Insidious A Genuinely Scary Horror Movie For Awhile
Insidious
Directed by James Wan
Written by Leigh Whannell
Film District, 2011
Wan and Whannell are responsible for Saw, although the sheer insincerity of the franchise that has been taken over since their early chapters is not. That’s not to say that the first few Saw movies were masterpieces or anything, but let’s just say quality started slipping significantly after the third chapter, even though I still consider Saw II one of the dumbest horror movies of all time. They are also responsible for an extremely bad horror movie called Dead Silence. Here, they team with the producers of Paranormal Activity, a franchise that has been kicking around Saw the last two years at the box office.
Insidious has the feel of a Paranormal Activity film early on. It has a video-to-film quality, and we have a story that seems very similar. A couple, Renai (Rose Byrne) and Josh Lambert (Patrick Wilson) have just moved into a new house. They have three kids, including the one who will be the subject of this film, Dalton (Ty Simpkins). Dalton wanders into the attic and hits his head, and although he seems fine at first, he appears to be in a coma the next morning. Only, it’s not really like a coma either.

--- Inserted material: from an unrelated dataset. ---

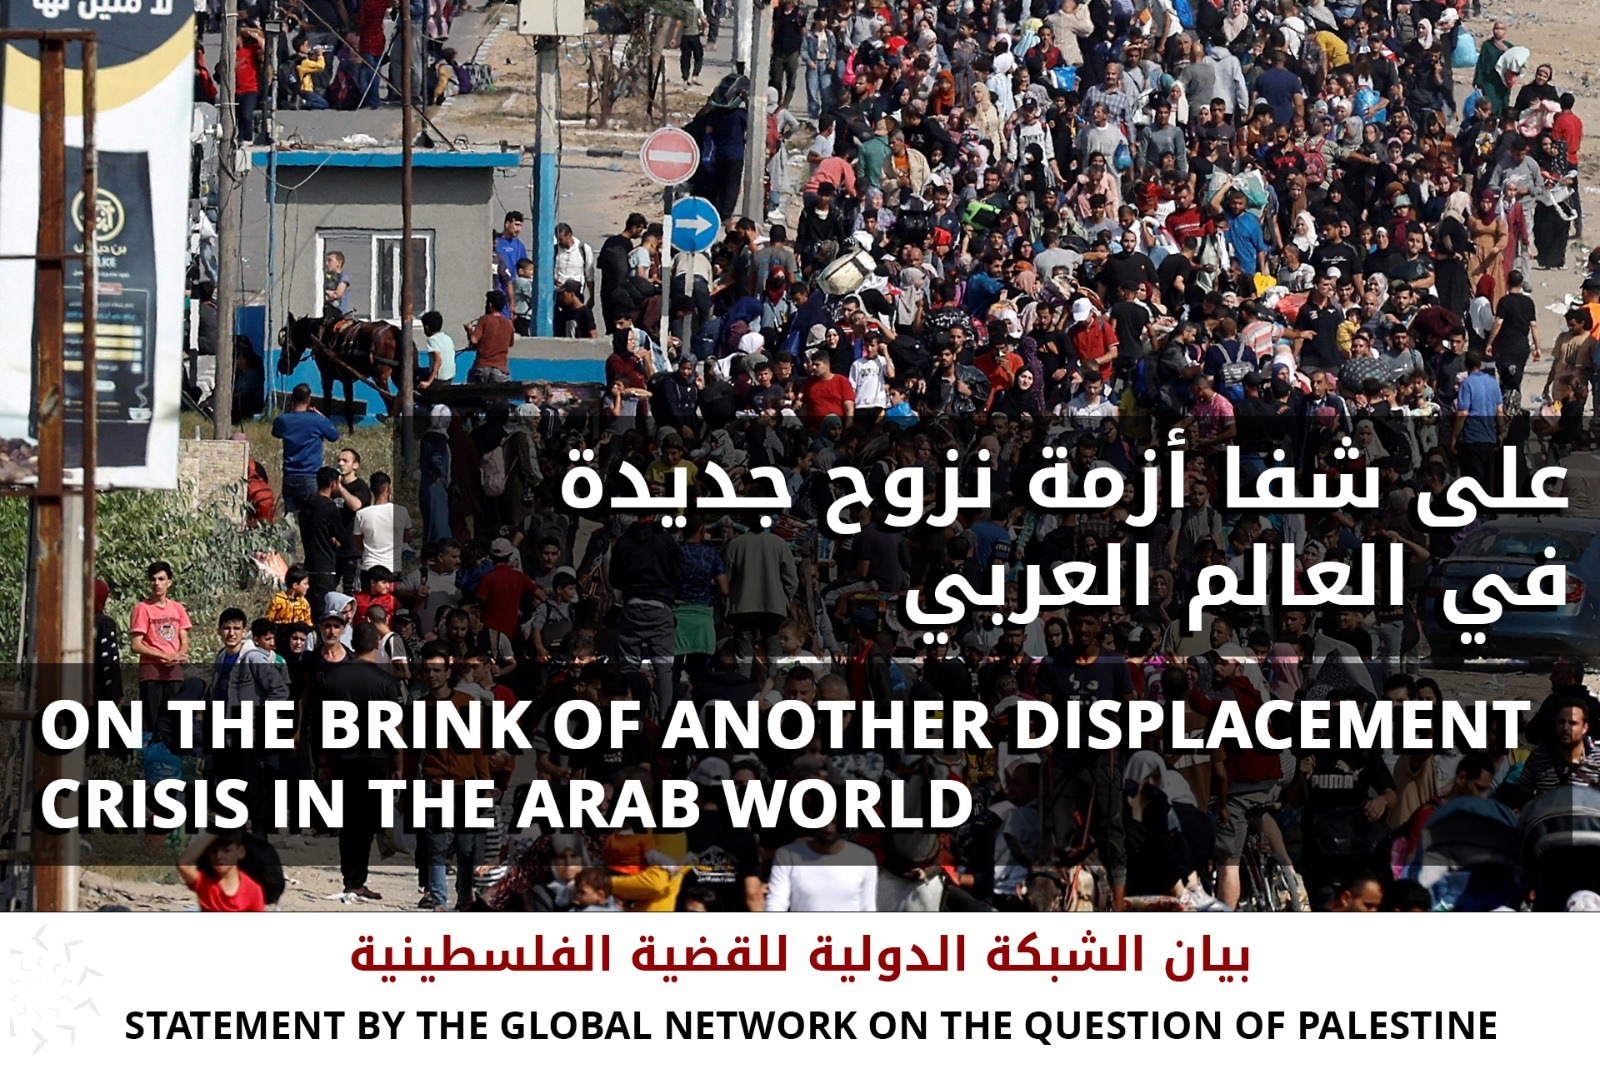 بيان الشبكة الدولية للقضية الفلسطينية..على شفا أزمة نزوح جديدة في العالم العربي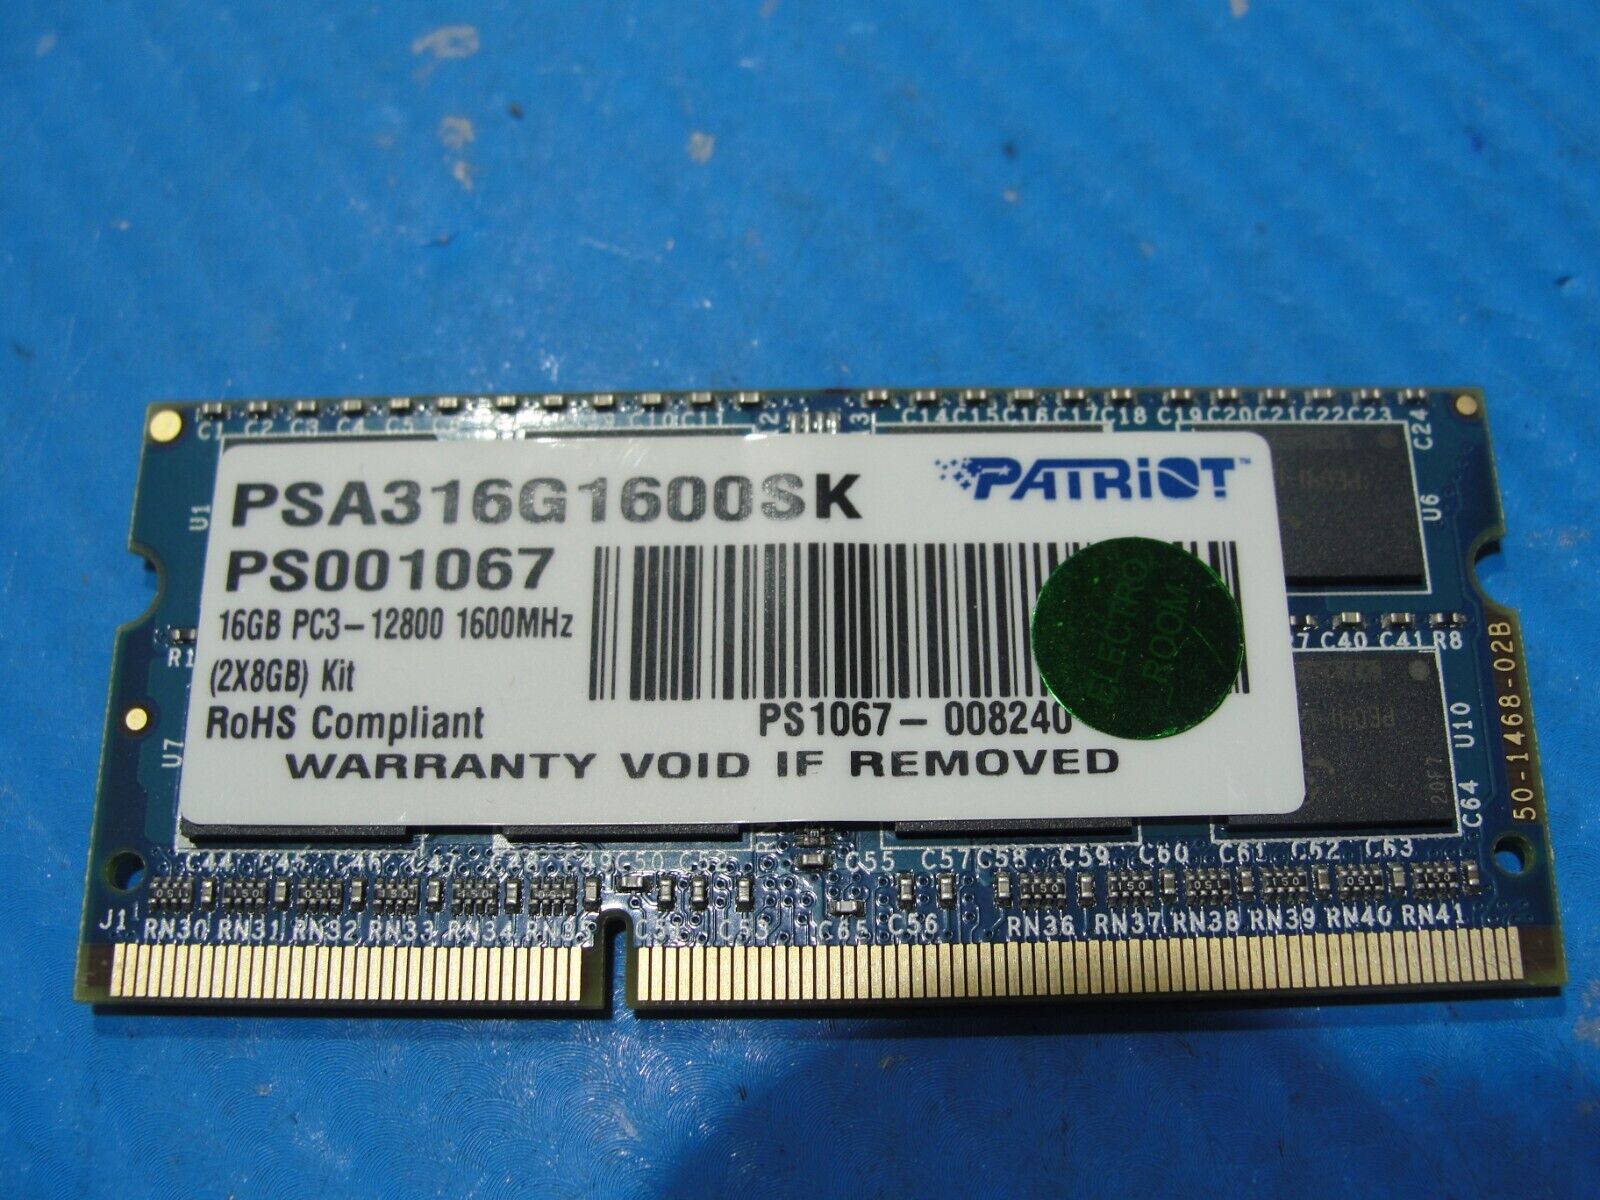 MSI GE70 2QE Patriot PS001067 PSA316G1600SK 16GB Memory RAM PC3-12800 1600MHz

The doctor says he’s never seen anything like it.
That’s when Renai and the other kids start seeing things, people walking around…Ghosts? Demons? After awhile, they decide to move to another house, but the same stuff happens. With help from Josh’s mom (Barbara Hershey), they contact psychic Elise Rainier (Lin Shaye), and a couple of ghost hunters (Whannell and Angus Sampson), and find out that Dalton somehow knows how to roam into the afterlife, or some demon world, and that the entities there want to make their way back into the world of the living. So, the movie then becomes about getting Dalton out of that world without bringing the others in.
There are some truly unexpected scares here, director Wan definitely makes watching the movie an active experience where you start looking into the corners of the frames for things that aren’t normal. It’s when the movie gets into the explanations, and the finale, that it starts to drag and become not as fun. As good as Lin Shaye is in her role as the requisite horror movie psychic, I think these types of characters, and the exposition they bring to these movies, is generally a letdown. But I guess, in general, the movie-going public always needs an explanation for their horror or else they start hating the movie for not letting them in on the secret. Personally, I’d like to see a movie like this play out and never be told what is happening, because it’s a lot more fun when you don’t know.
This is overall an above-average horror movie. Horror generally can be very bad, so Insidious distinguishes itself with honest holy-shit scares, and I think this will get some nice word of mouth when all is said and done.